Descifrando El Nuevo Testamento: La Última Cena (2)

La última vez comenzamos a comentar sobre la última cena. Revisamos el enfoque tradicional: Jesús fue crucificado un viernes y la última cena fue en efecto la comida de Pascua (Seder) que tuvo lugar el jueves por la noche. Hicimos algunas preguntas ligadas con este enfoque tradicional —y hoy intentaremos responder a esas preguntas—. Entonces, comentaremos los escenarios alternativos.

Esto es lo que David Baron escribe: «La expresión “tres días y tres noches” es un lenguaje del Antiguo Testamento introducido en el Nuevo Testamento, y no quiere decir necesariamente, tres días completos y tres noches completas, pero así en números redondos, es un periodo de alrededor de tres días[1]. En el caso de Jonás, continúa diciendo Baron, no tenemos forma de saber cuánto tiempo estuvo dentro del vientre del pez. Sin embargo, puede ser comprobado por otros escritos: por ejemplo, en el libro de Ester leemos que Ester le dice a Mardoqueo: “Ve y reúne a todos los judíos que se hallan en Susa, y ayunad por mí, y no comáis ni bebáis en tres días, noche y día; yo también con mis doncellas ayunaré igualmente… Aconteció que al tercer día entró enfrente del aposento del Rey Asuero”»[2]. A este argumento, él añade: «Debo señalar también el hecho de que los judíos que escucharon al Señor usando esta expresión, no entendieron literalmente lo que significaba “tres días y tres noches” porque después de la crucifixión fueron a Pilato diciendo: “Señor, nos acordamos que aquel engañador dijo, viviendo aún: ‘Después de tres días resucitaré’. Manda, pues, que se asegure el sepulcro hasta el tercer día”»[3]. Así pues, vemos que a través del Antiguo y el Nuevo Testamento, parte de un día se cuenta como un día completo. Por eso, concluye Baron: «Se puede decir que Jesús estuvo en la tumba “tres días y tres noches”: viernes, al cual legalmente le pertenecería la noche de lo que llamaríamos jueves; sábado, que consistiría en la noche del viernes y el día del sábado; y el domingo al cual pertenecería la noche del sábado y el amanecer del mismo domingo»[4].

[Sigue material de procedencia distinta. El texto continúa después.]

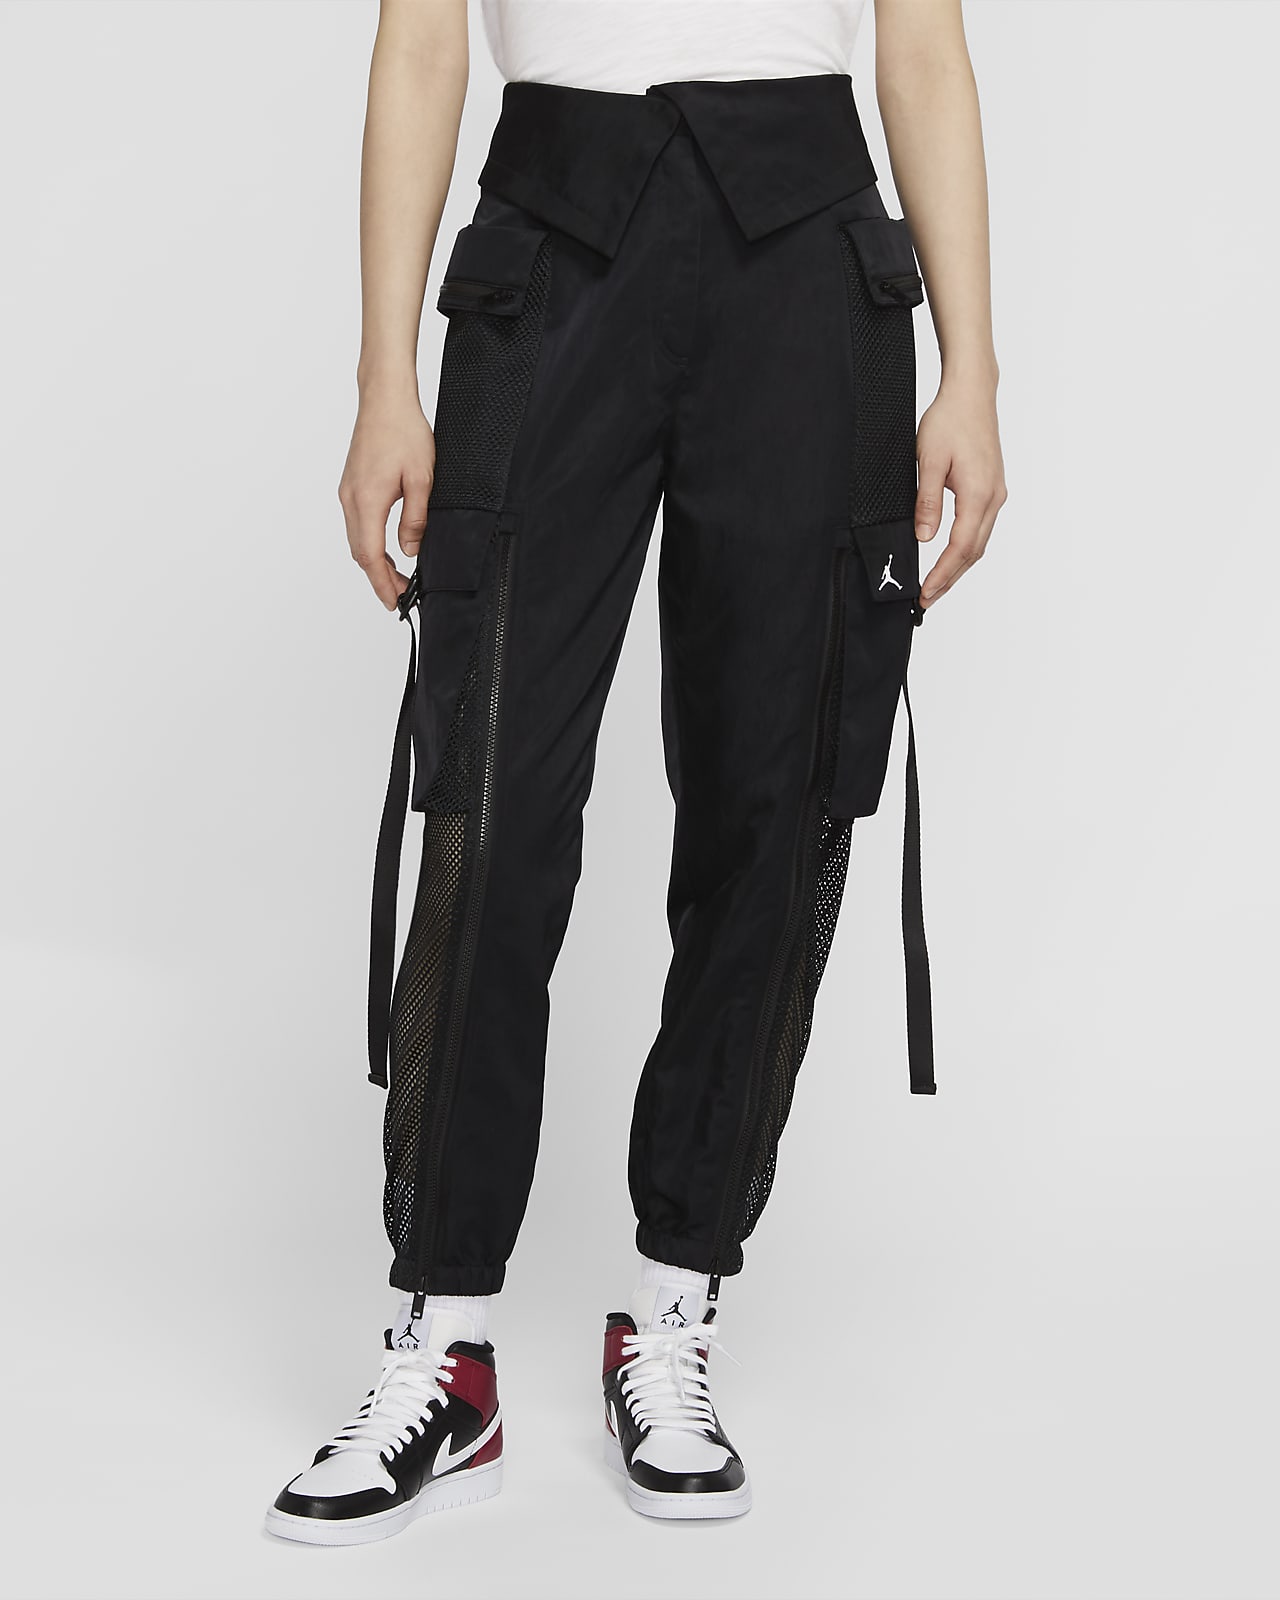 Pantalones para mujer Jordan Utility. Nike.com

Debo admitir que los argumentos de Baron me suenan bastante convincentes, sin embargo, si todavía no está convencido, voy a presentarle aquí un escenario alternativo. Personalmente creo que corresponde a los eventos reales —pero una vez más—, quiero enfatizar que no poseo las respuestas finales, nadie puede estar seguro al 100% sobre cómo y cuándo tuvieron lugar estos eventos. Más aún, aunque comparta algunos puntos de vista hebreos, todavía le recuerdo que siempre existe una posibilidad de que nos perdamos algo. «Las cosas secretas pertenecen a Dios»[5]. Para mí es importante enfatizar que no debemos tropezar con esta historia. Hay varios escenarios plausibles que presentan los días finales de Jesús.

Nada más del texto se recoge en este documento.